ユウ。私はそう呼ばれて、なんか仲間として認められたんだなって感じがした。
「うーん。やすさんってモテるんですね」
「そりゃ俺のこと放っておく女なんかいるはずないってや」
やすさんがふざけるのを横目で見ながら、翔子さんは続けた。
「あたし、マジでこの人好きなんだよね……」
こ、告白? そう思った瞬間。道路の真ん中で急停止したやすさんの車。さっきまでのふざけた態度は消えて「俺も」って助手席の翔子さんを抱きしめた。後ろを走っていた車は、車線変更をし、追い抜かすときにやすさんの車を睨みつけた。
正直に生きている人たち。今まだよく分からないけどそう思った。
学校も通り過ぎ、しばらく海岸沿いの道を行くと、閉店したパチンコ屋さんのだだっ広い駐車場がみえてきた。その敷地の中にはすでに数台の車と10数台のバイク、そして男と女の姿がみえた。

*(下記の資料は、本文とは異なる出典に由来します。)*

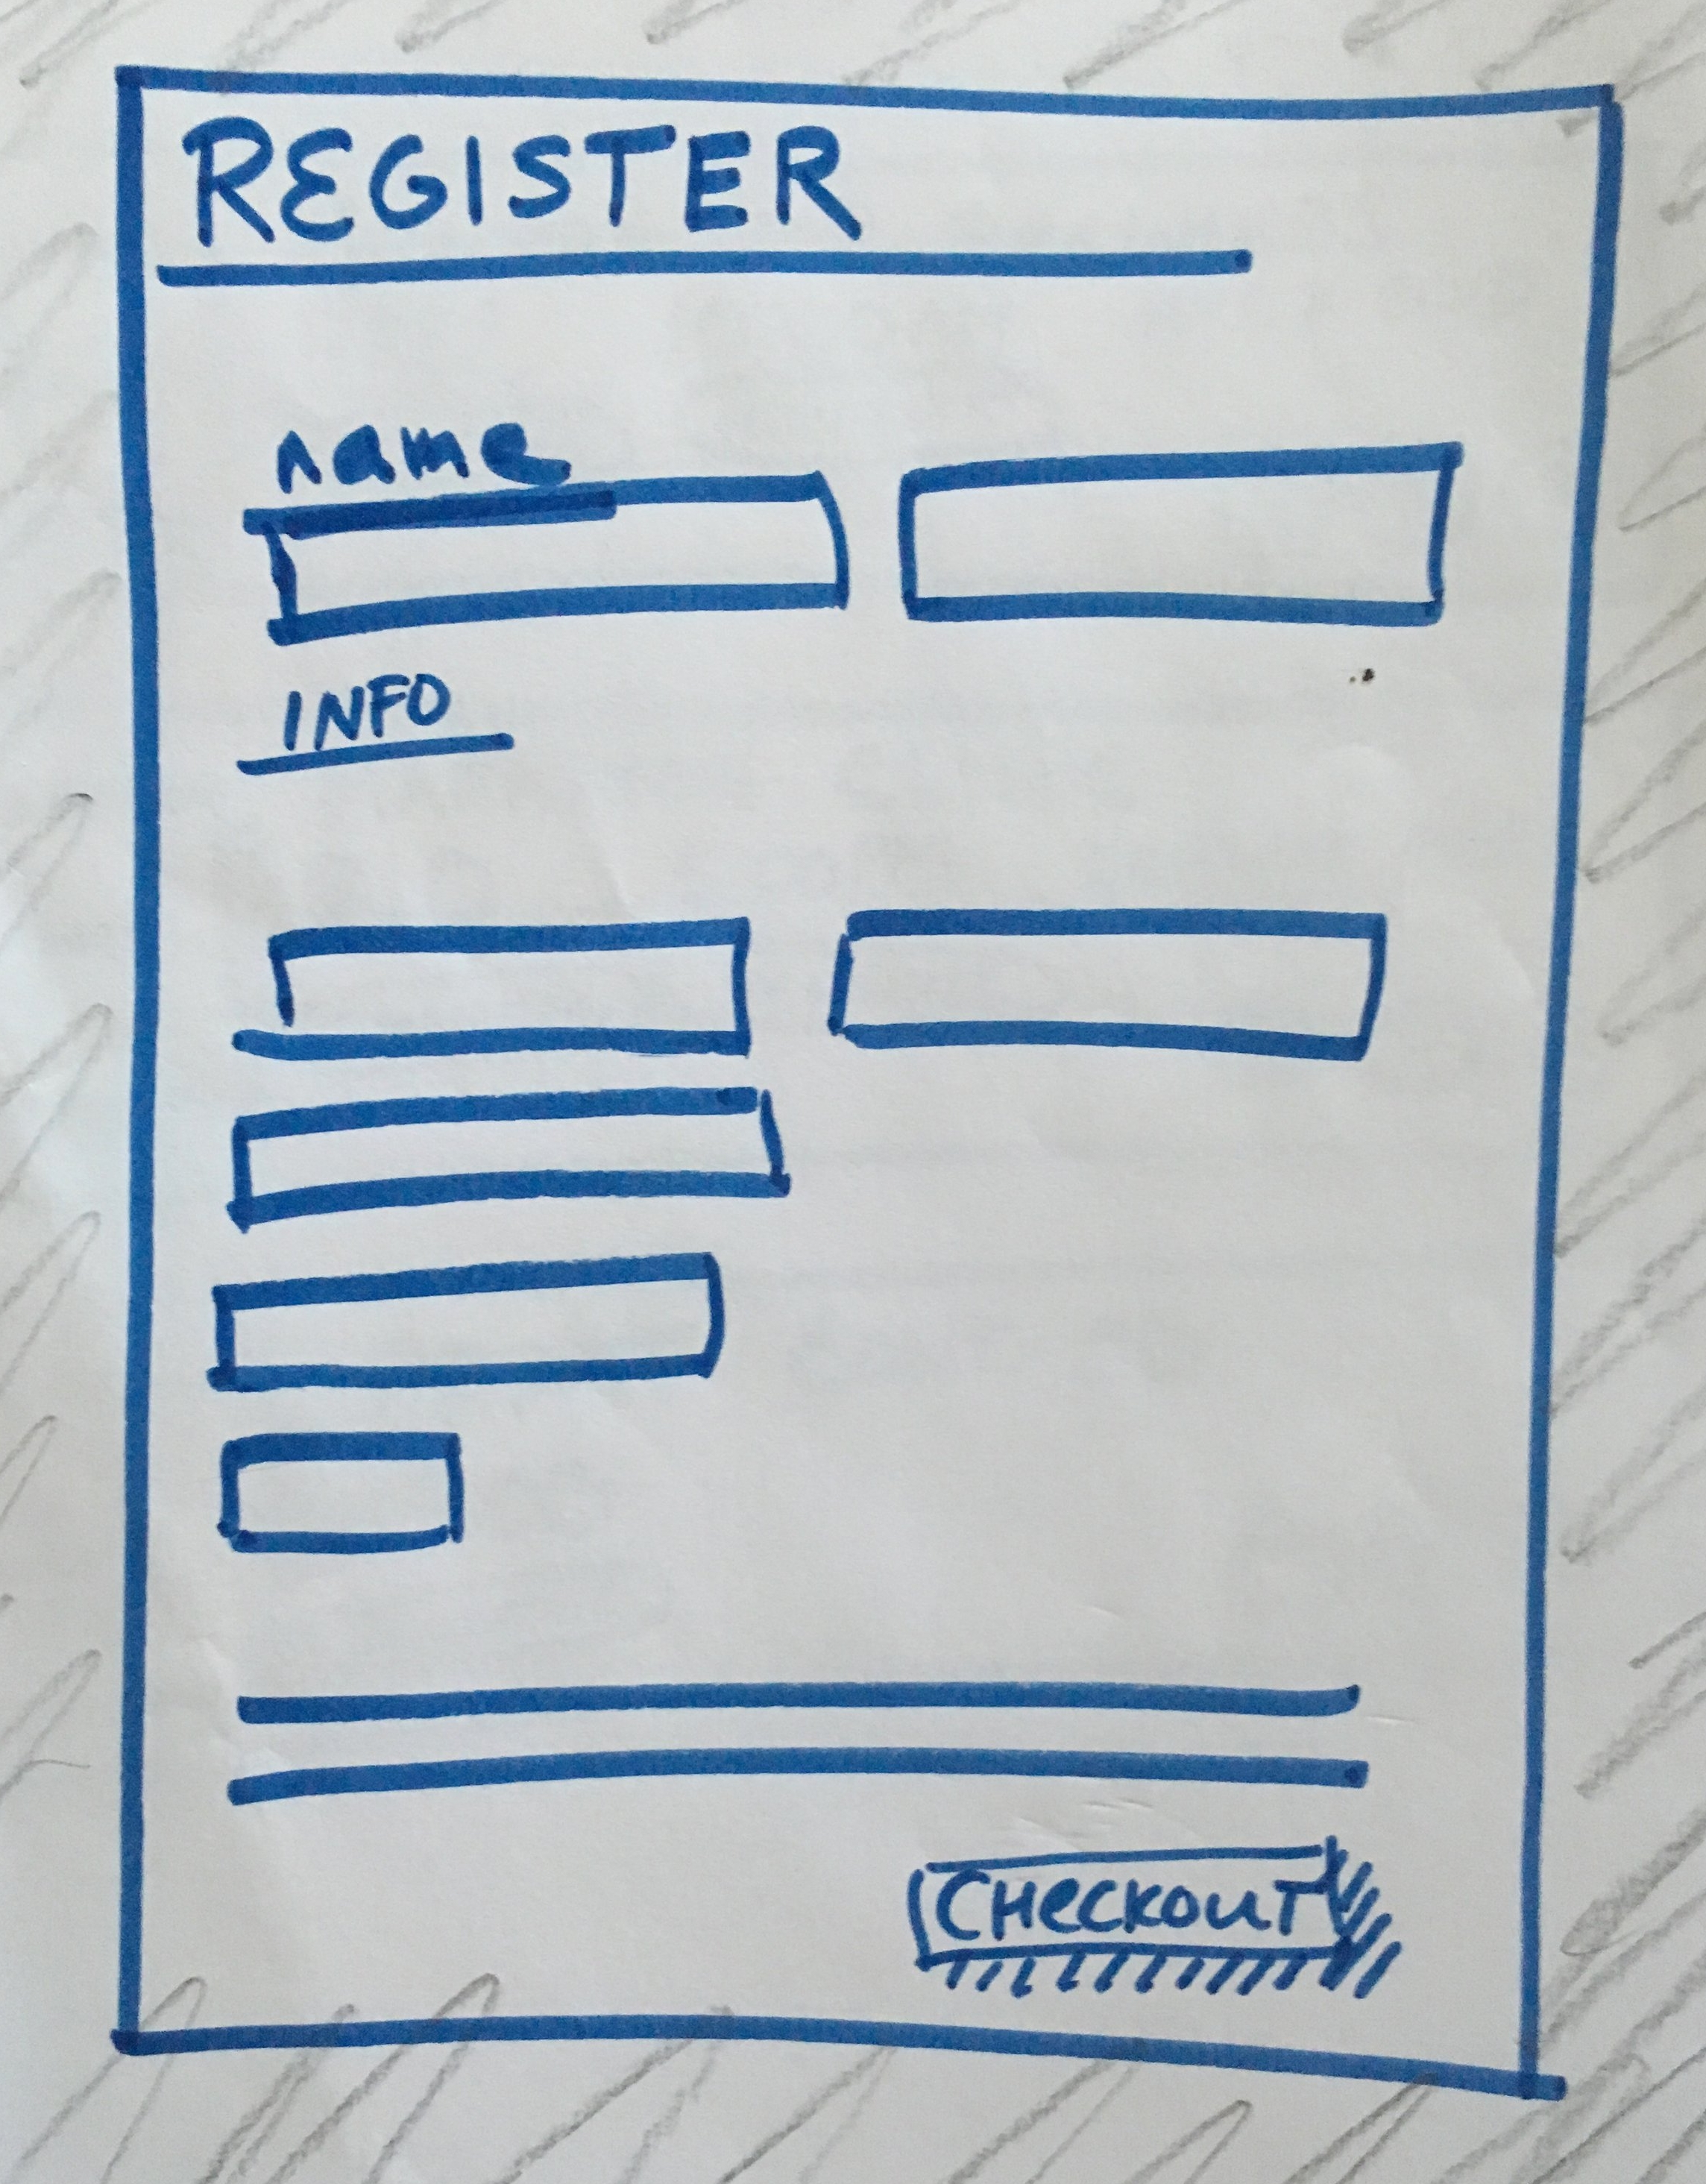 Registration Page Artifact

「ユウ、今回のは支部だけの集まりだからこんなもんだけど、本部の人らもきたらほんと、スゲーことになるぜ」
翔子さんは目を輝かせた。
「ふーん。そうなんですか」
「何だよユウ! もっと感動しろよ」
何でも感動できる翔子さんがうらやましいです……。
ブンッ
って一瞬の出来事だった。私が光るライトやふざけている人たちを面白そうに見ていると、後ろから一台のバイクが横切った。
もの凄い速さだった。
「また、あいつぅ」
やすさんはそう言ってスピードを上げバイクを追っかけた。
「あっあぶねーだろー」
翔子さんは意外にも、スピードに弱いようで、しっかりとシートベルトをしている姿がかわいくみえた。
「くっそーハルの奴。奇襲攻撃かァ」
やすさんはそう呟いて、バイクの後ろを必死に追いかけたが、途中で追っかけるのをやめた。
「あいつ、何考えてんだろうな」
やすさんはボソッと呟いた。
風みたいにフワッって飛んでったバイクは、また地面を滑るようにこちらにつっこんでくる。サイドミラーすれすれに逆走してくるバイクにやすさんはついに降参した様子だった。やすさんはハンドルを左に切って、側道すれすれのところで車はようやく止まった。
「お前死ぬぞっ!」
やすさんは窓を開けながら大声で叫んだ。
「また、俺の勝ちっ」
そう言って覗いたやんちゃな顔。少しだけ目が合った。